→ **GIVEN DATA**:
========================================================================

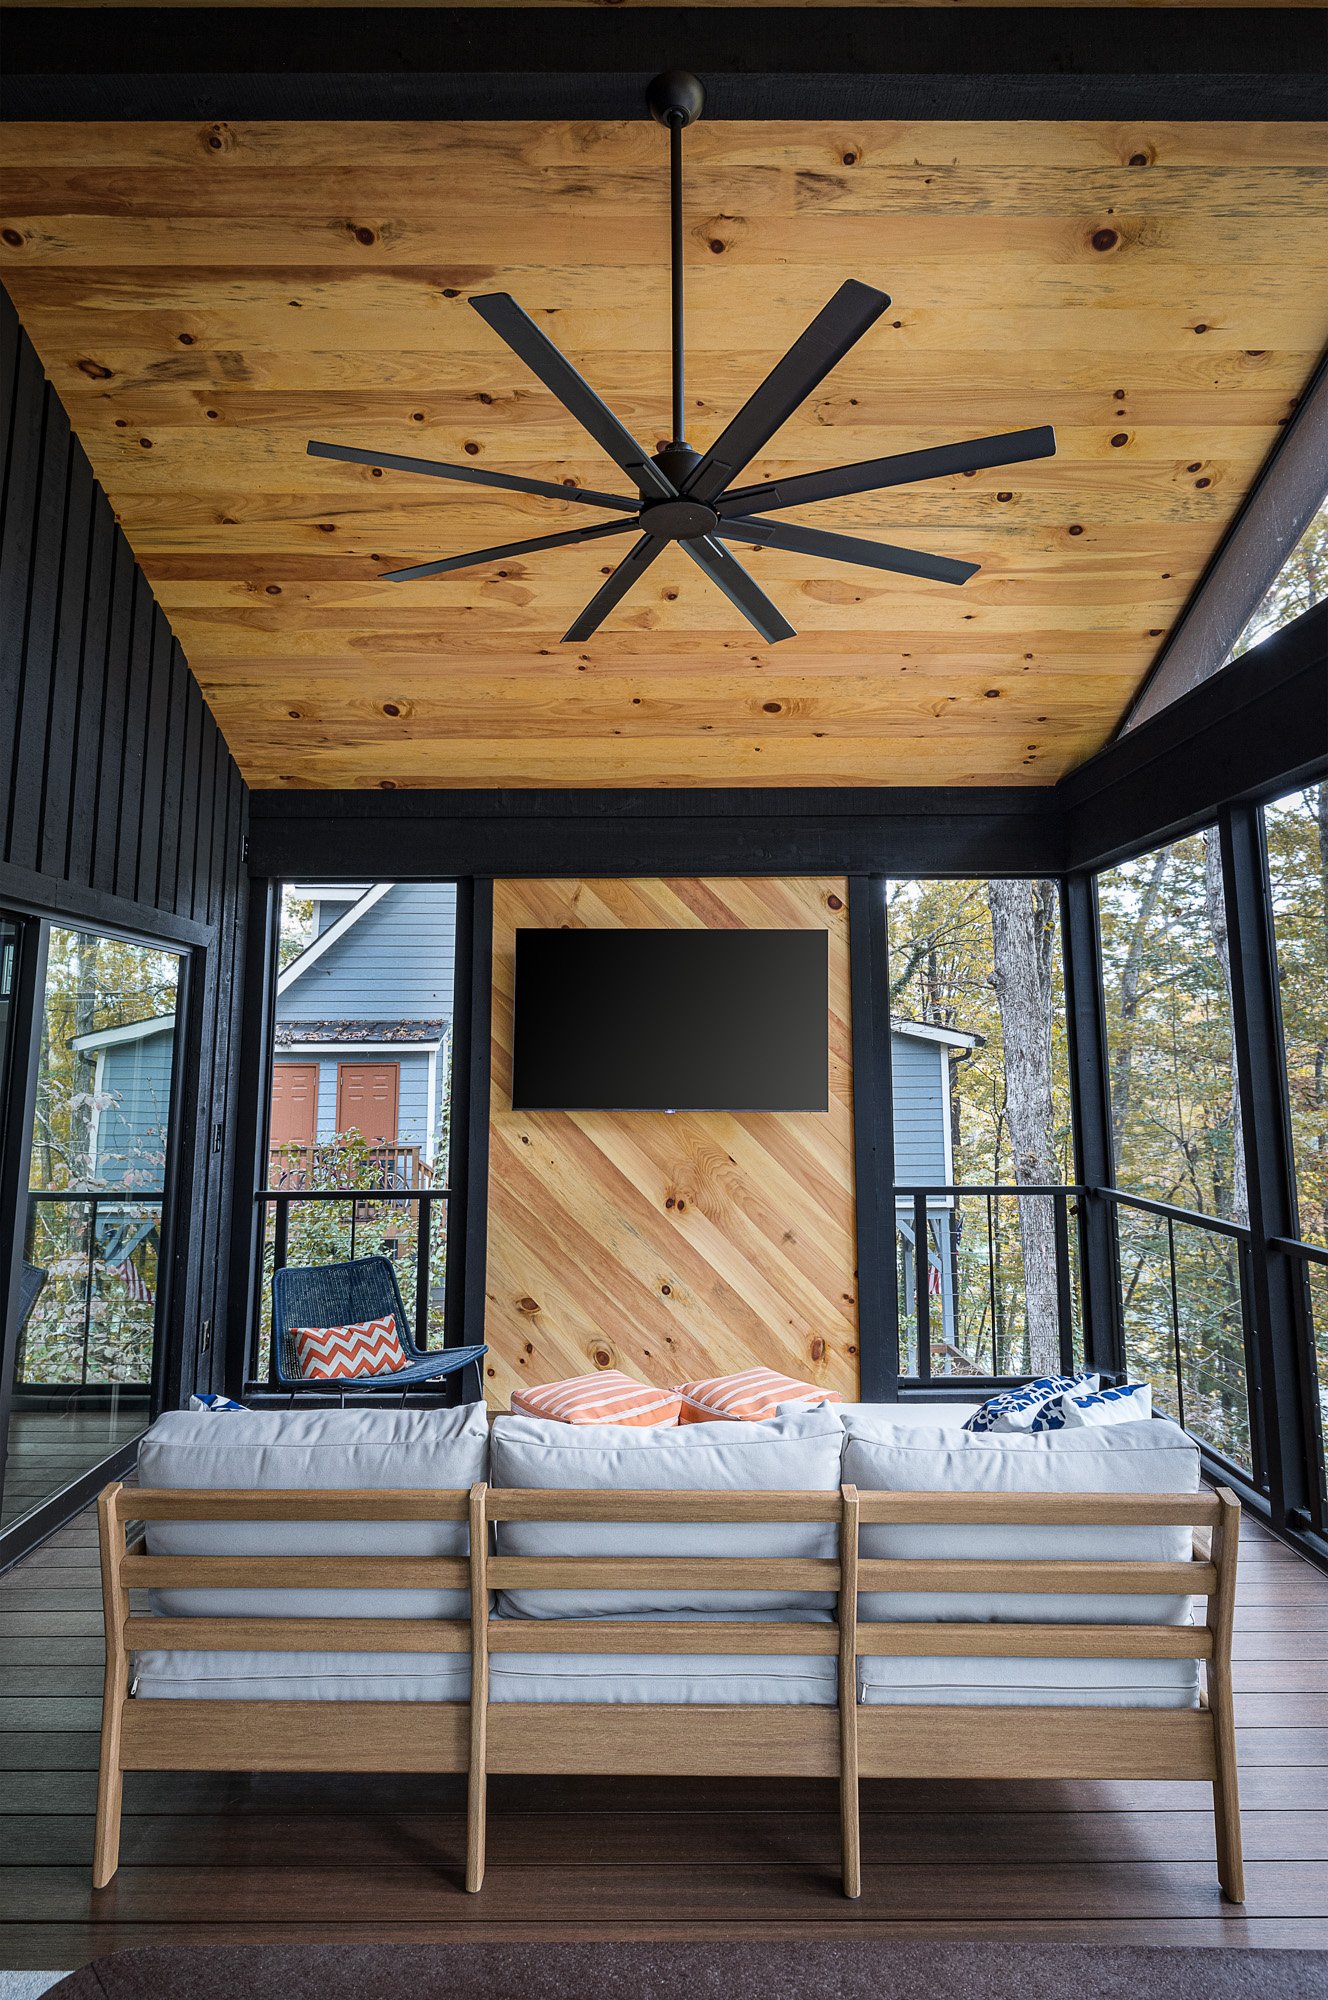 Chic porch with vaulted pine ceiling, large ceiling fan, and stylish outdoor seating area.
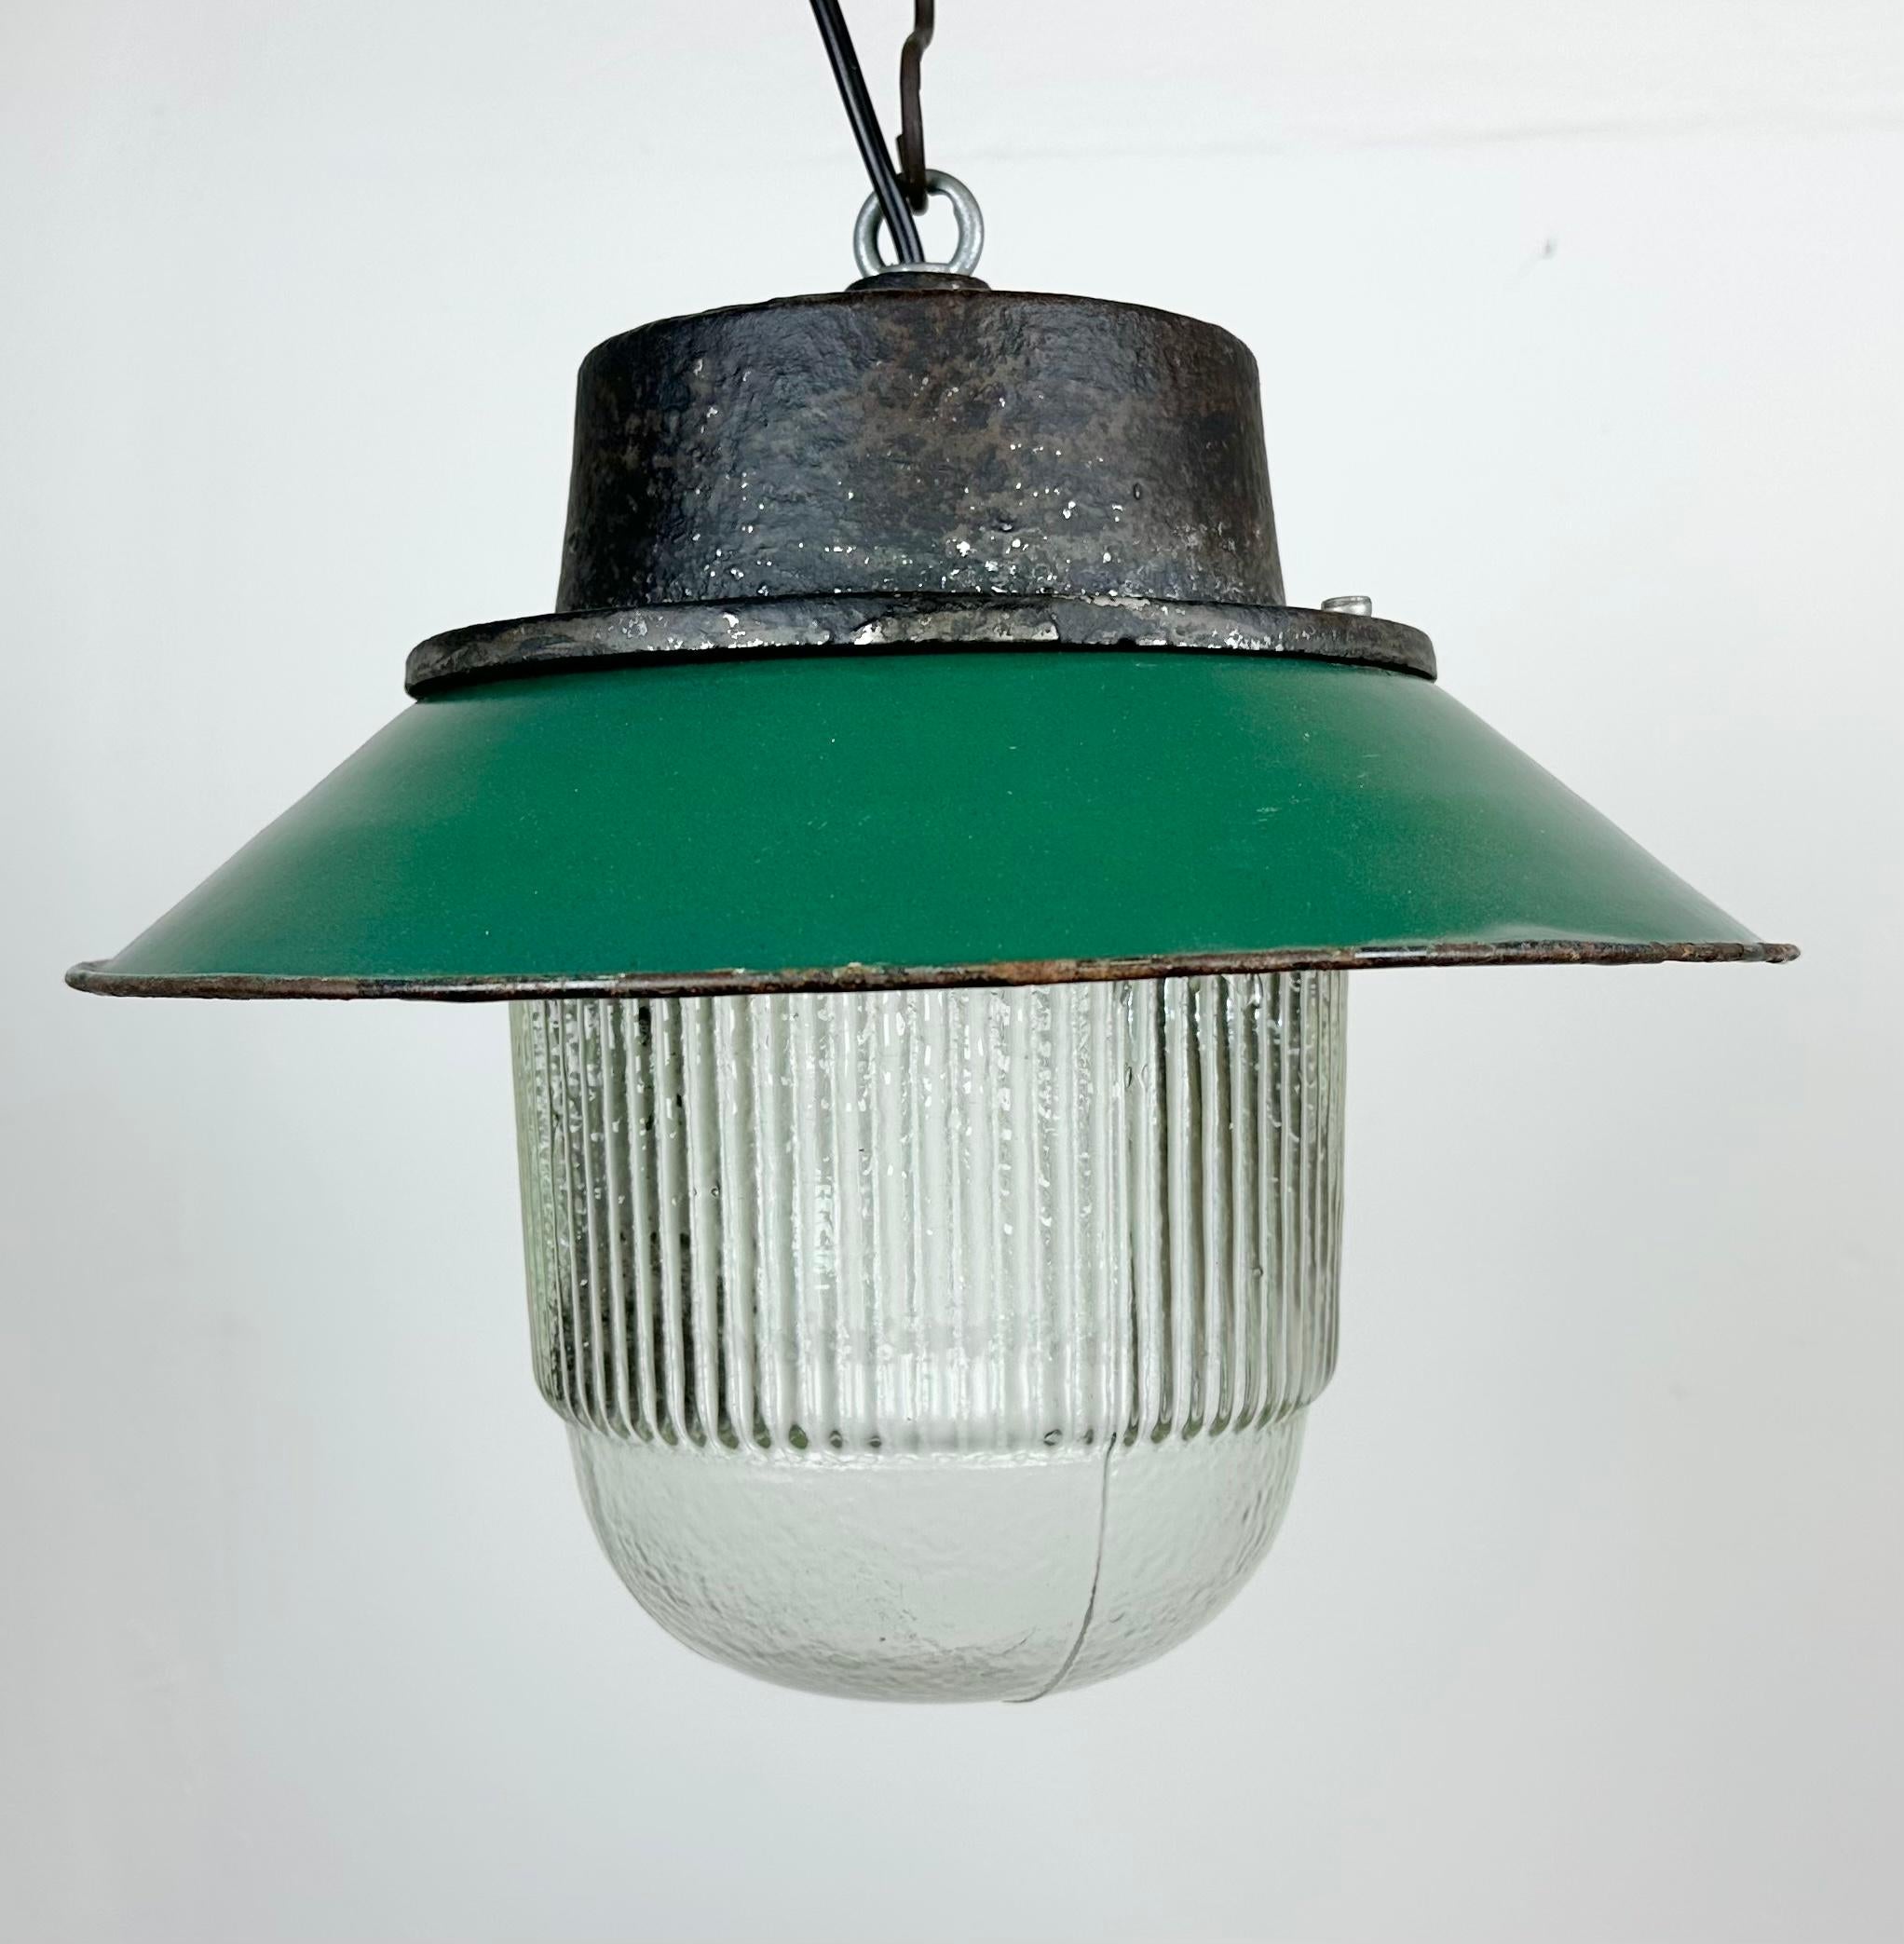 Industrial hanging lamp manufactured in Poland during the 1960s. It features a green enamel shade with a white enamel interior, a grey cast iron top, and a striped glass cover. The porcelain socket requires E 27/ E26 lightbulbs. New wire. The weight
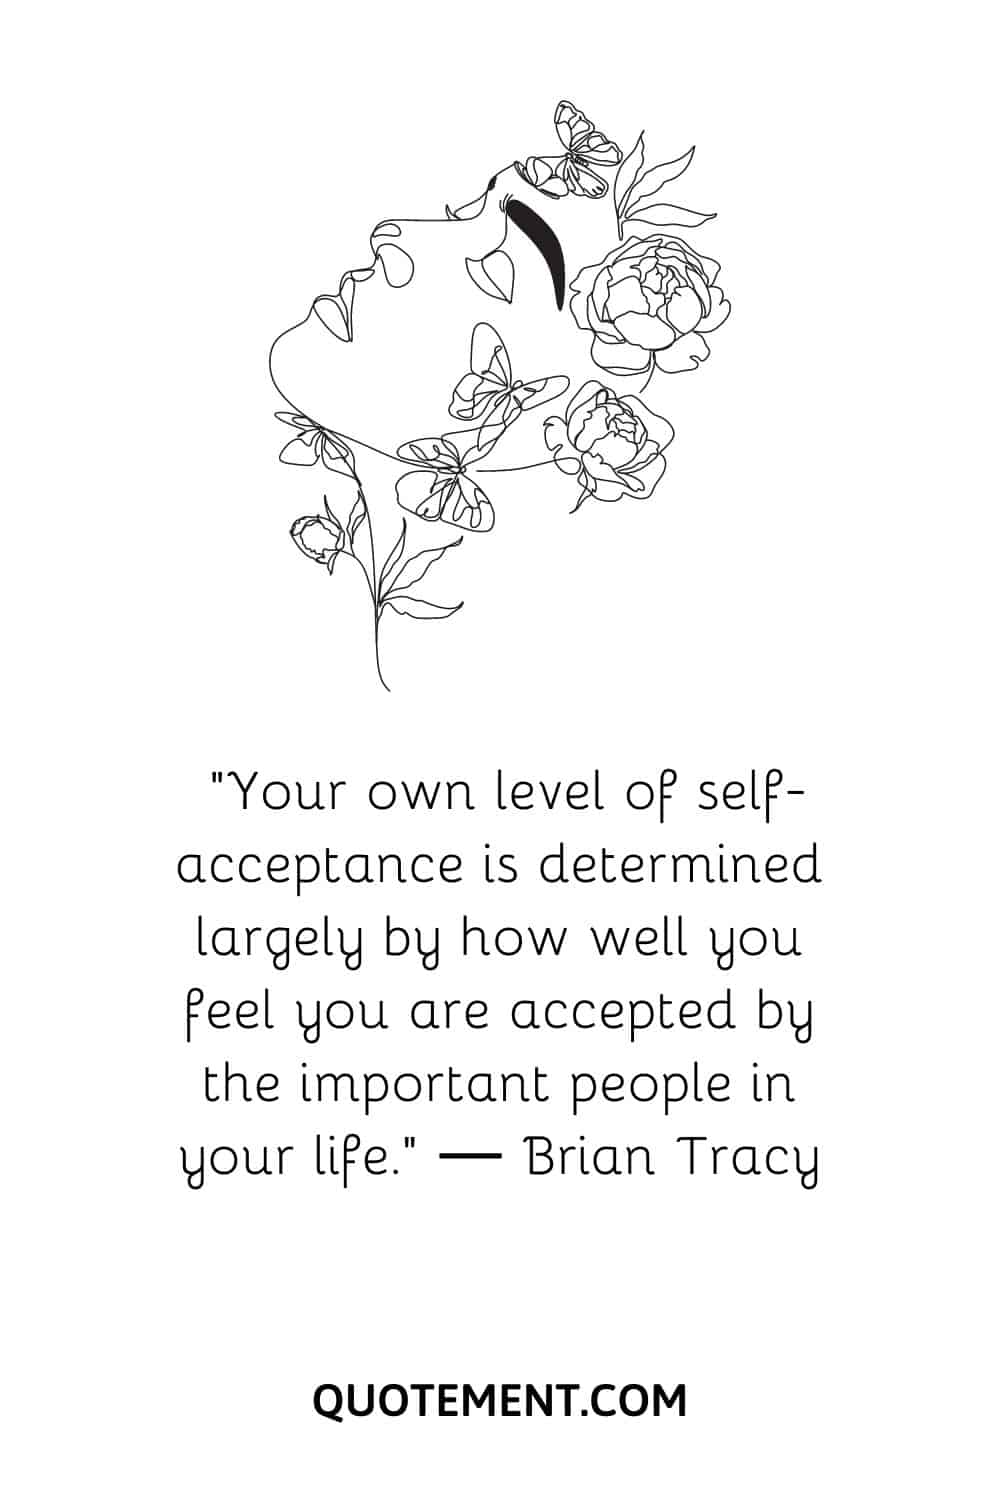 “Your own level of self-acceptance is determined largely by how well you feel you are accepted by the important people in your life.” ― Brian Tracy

========================================================================

→ **AIM OF THE TASK**: Print the listing verbatim, images excluded.

→ **RESULT**:
 Chic porch with vaulted pine ceiling, large ceiling fan, and stylish outdoor seating area.
 Industrial hanging lamp manufactured in Poland during the 1960s. It features a green enamel shade with a white enamel interior, a grey cast iron top, and a striped glass cover. The porcelain socket requires E 27/ E26 lightbulbs. New wire. The weight
 “Your own level of self-acceptance is determined largely by how well you feel you are accepted by the important people in your life.” ― Brian Tracy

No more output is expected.